The U.S. GDP is correct, but the Brazilian is out of date as opposed to 1.6 trillion, nowadays is 2.5 trillion.


----------



## FAAN

Clery said:


> Source?
> Methodology?
> Municipalities or metro area?
> GDP at current exchange rate or in purchasing power parity?
> Year?



Source? 
http://pt.wikipedia.org/wiki/Anexo:Lista_de_cidades_por_PIB 
Methodology? 
Municipalities or metropolitan area? 
Only the municipality. 
GDP at current exchange rate or purchasing power parity? 
Nominal GDP. 
Year? 
In 2011.


----------



## ukiyo

^^ No it is by metropolitan area, the year is 2008 and it is done by PPP not nominal.
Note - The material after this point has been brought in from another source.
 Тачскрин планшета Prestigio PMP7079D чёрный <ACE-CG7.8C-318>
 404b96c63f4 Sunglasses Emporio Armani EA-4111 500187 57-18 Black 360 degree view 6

Here is the direct source to the study: https://www.ukmediacentre.pwc.com/imagelibrary/downloadMedia.ashx?MediaDetailsID=1562


----------



## anakngpasig

yup looks like that list is the study done by PriceWaterhouseCoopers 4 years ago. The rankings in that list should already be very different by now


----------



## NorthWesternGuy

The figure for Mexico City looks too high, perhaps PPP? :dunno:


----------



## isaidso

Detroit and Toronto have the same GDP? That would mean that Toronto is 20% poorer per capita. How is that even possible? :weird:


----------



## CarltonHill

The list is quite old and not updated. (I think he just wants us to see that his country BRAZIL is in top10) ..sorry.


----------



## NorthWesternGuy

Some figures from Mexican cities (data from 2009, GDP in nominal value)

City or metro / Population / GDP in bn (USD) / GDP per capita

Mexico City - 19,826,918 ----- $218.77 --------- $11,033
Monterrey -- 3,928,871 ------- $59.9 ----------- $15,246
Guadalajara - 4,298,715 ------- $37.09 ---------- $8,628 
Puebla ------ 2,605,578 ------- $21.94 ---------- $8,420 
Tijuana ----- 1,725,498 ------- $20.2 ----------- $11,706
Leon ------- 1,522,618 ------- $19.15 ---------- $12,577
Queretaro -- 1,014,026 ------- $17.57 ---------- $17,326
Juarez ------ 1,384,102 ------- $17.18 --------- $12,412
Toluca ------ 1,739,004 ------- $14.76 --------- $8,487
Culiacan ------ 811,741 ------- $11.46 --------- $14,117


Bonus :tongue3:

At place 13:

Mexicali ------ 908,724 -------- $10.51 --------- $11,566


----------



## Phriggin' Ogre

^^ Wow, whats the source? The numbers are a lot lower than I expected.

We need to compile different lists. One for MSA's, one for CSA's, and one for city proper...ect. GDP per capitas/PPP per capitas would also be great.


----------



## Phriggin' Ogre

Aaronj09 said:


> It's proof that a city with a large economy doesn't mean anything.. Minneapolis, Detroit, Seattle, Dallas, Houston - these are hardly global mecca cities up with the likes of London, Paris, Madrid or Sydney. So this list means nothing other then a willy-waving opportunity for Americans.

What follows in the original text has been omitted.